Rose Byrne: “Dan was really great with on-set improvisation, very accommodating. With all the comedy I have done so far, the laugh wins: so whatever’s funny wins. We would always be pitching ideas and lines and thoughts, and it was really good to do some physical comedy as well with the running and bits and pieces. So I would say it’s like eighty per cent scripted, twenty per cent improv.”
Rafe Spall: “Yeah most of the really funny bits were improvised…”
Dan Mazer: “Well, Rafe would come in on his days off and just, y’know, improvise on behalf of other people, just to spruce it up…”

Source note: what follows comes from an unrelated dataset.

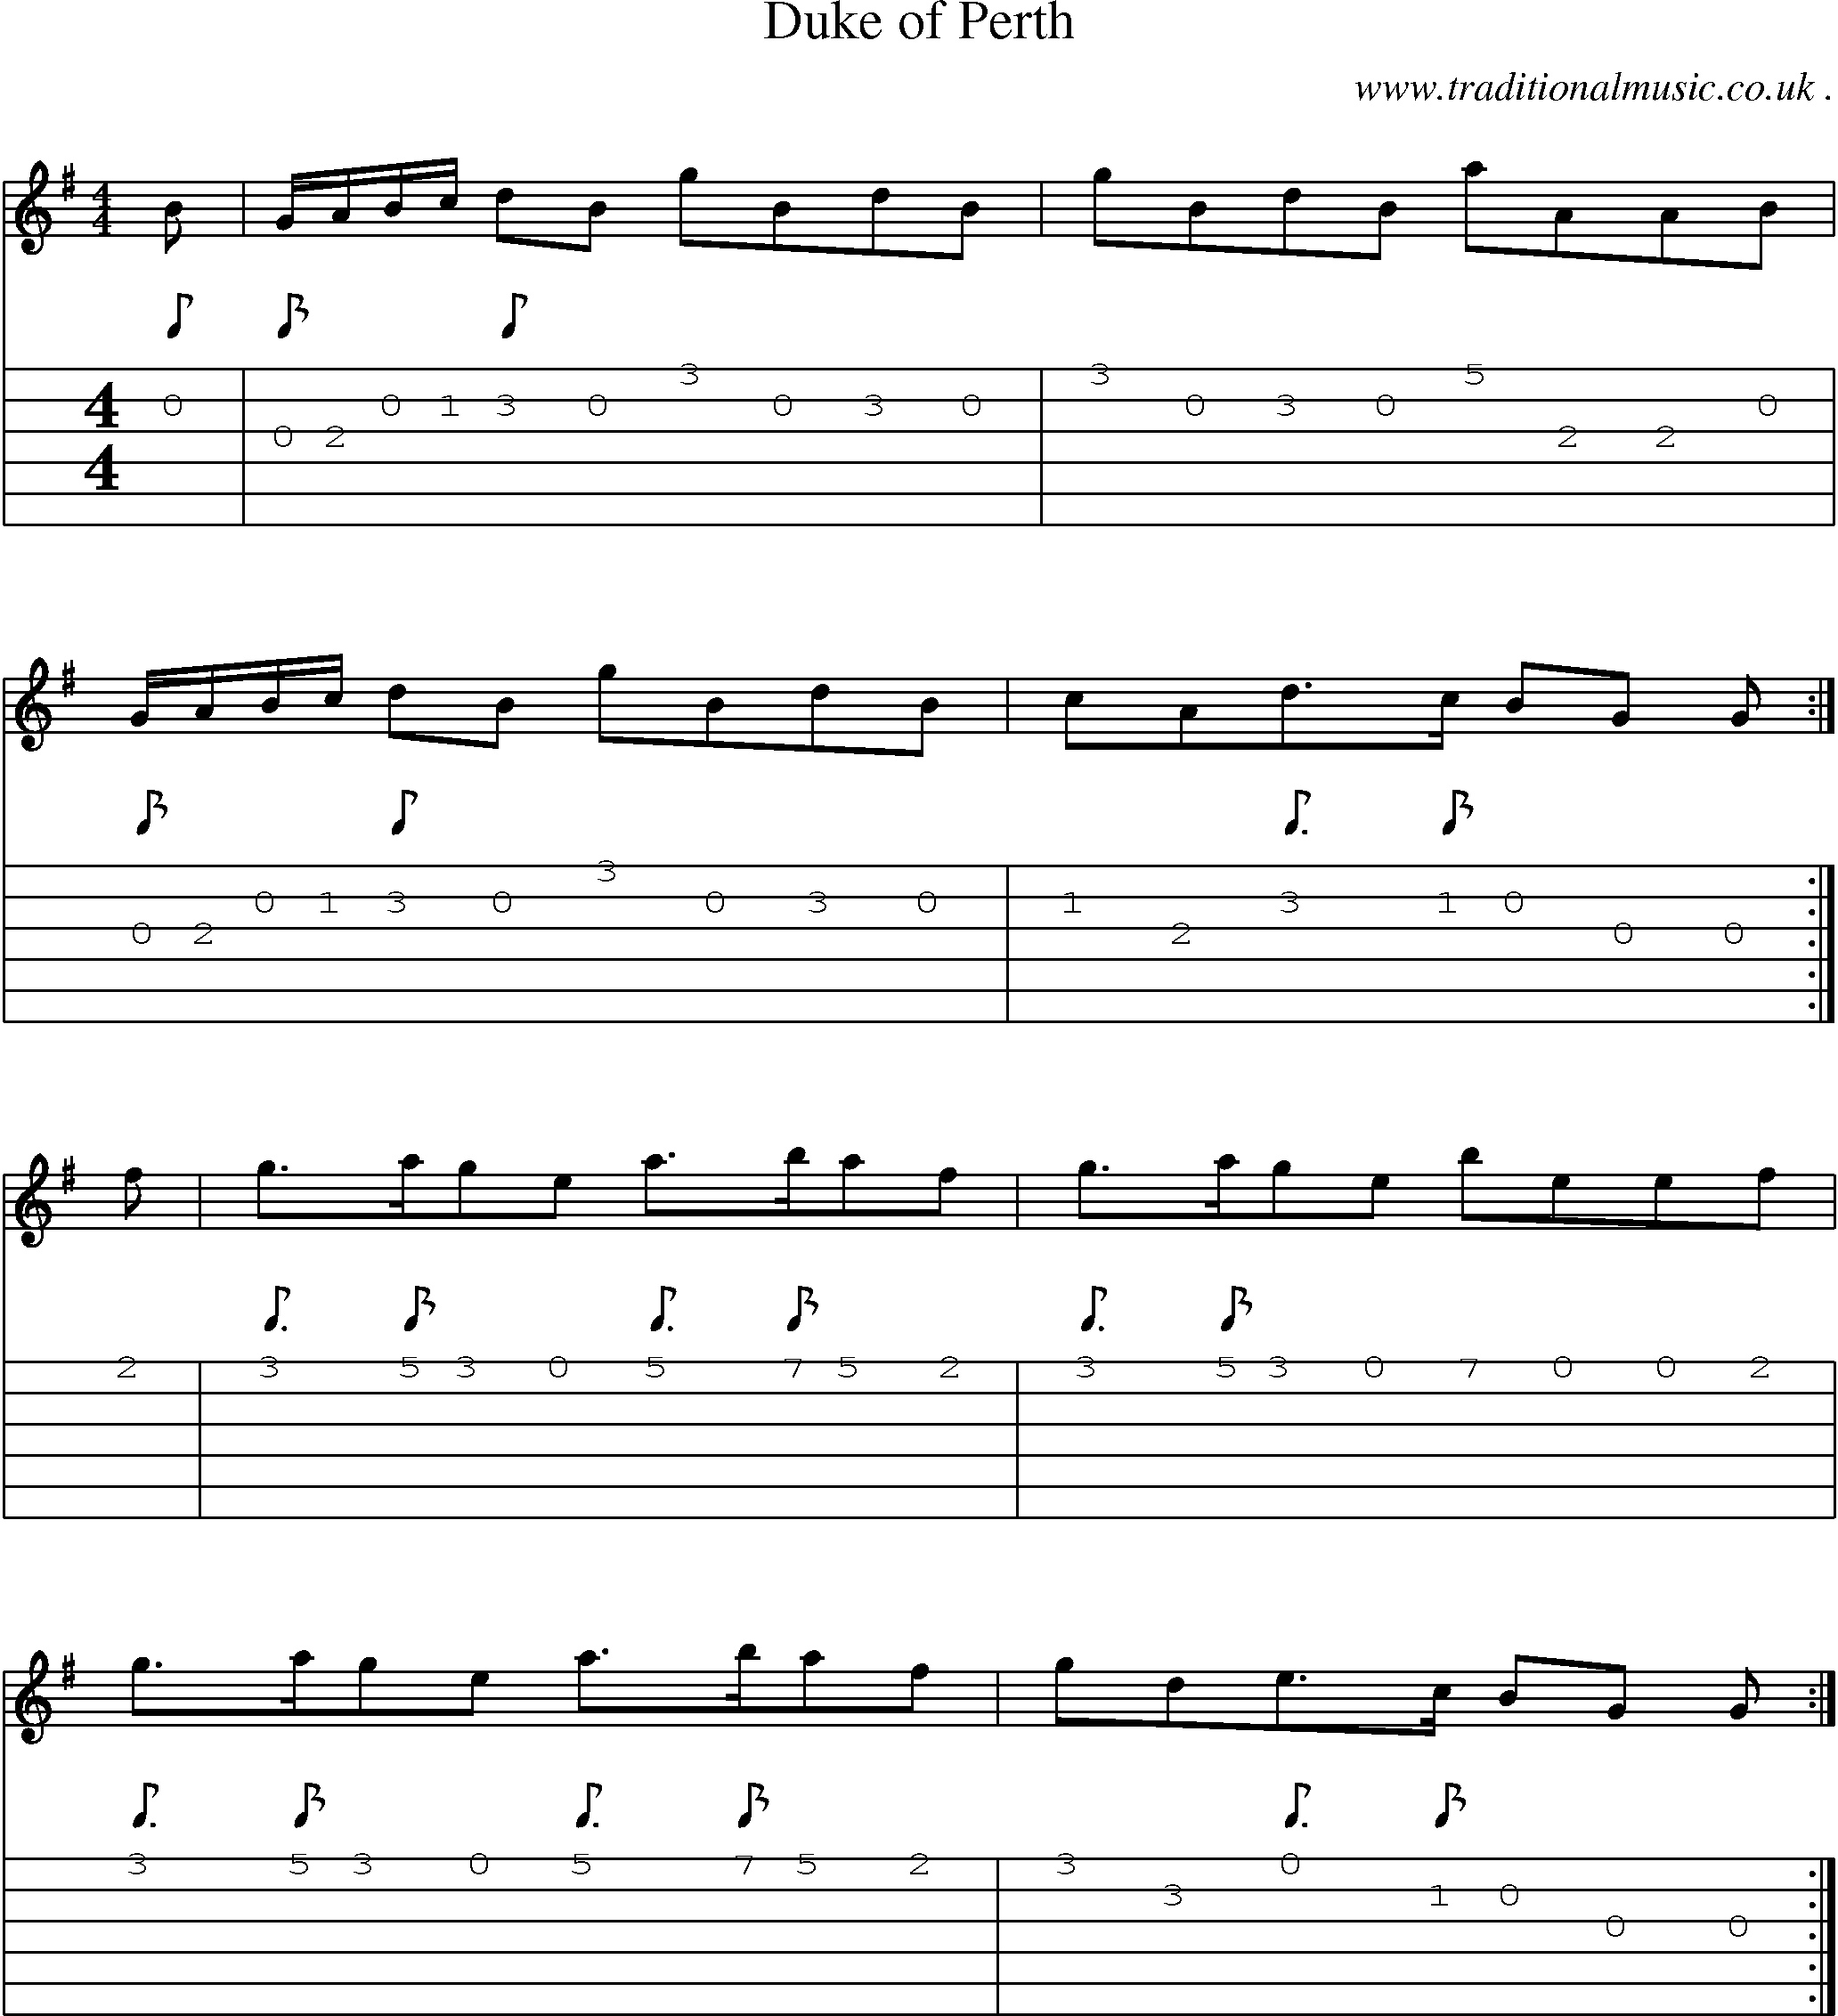 Sheet-music  score, Chords and Guitar Tabs for Duke Of Perth

Rafe Spall: “I’d do a bit of work, come in, do a bit of work with the actors, give it a bit of a polish, give it a bit of a buff…”
Dan Mazer: “What was brilliant and what I did very deliberately in the casting process, and one of the reasons I loved Rafe initially, is that I wanted to cast people who were brilliantly funny in their own right. People who you could sit down in a room with, and know you could have a laugh and that their first point of call was comedy, and that they would be comfortable and easy with comedy.
“Because I want this film to be first and foremost funny, so it would have been ridiculous not to let people improvise, and so when you’ve got people like Rafe, Rose, Stephen [Merchant], Olivia [Colman], and everybody, all those people who are naturally funny on set, you’ve kind of got to let them do their thing.
“It’s like Lionel Messi on the pitch and putting him in goal, it would be an idiotic thing to do. So they all went out there and they were brilliant. “
Rafe Spall: “Yeah and that’s a really nice thing to have someone, who is encouraging you to do that, but most of it was rubbish. It’s true! The nature of improvising is quite vulnerable in a way, because you have to throw so much stuff out there, it’s like you throw everything against a wall and see what sticks, because you’re all just searching for inspiration really, and every now and again you’ll get a gem, and most of the stuff…”
Dan Mazer: “No, I think most of it was brilliant. I ended up with a three-hour assembly of this movie and, when I came to edit it. Some of the funniest stuff in the movie comes straight from the actors, and it’s brilliant to have that resource, and for me to get the credit for it. So, if we could actually cut out all the stuff that was improvised and say it wasn’t, that would be ideal.”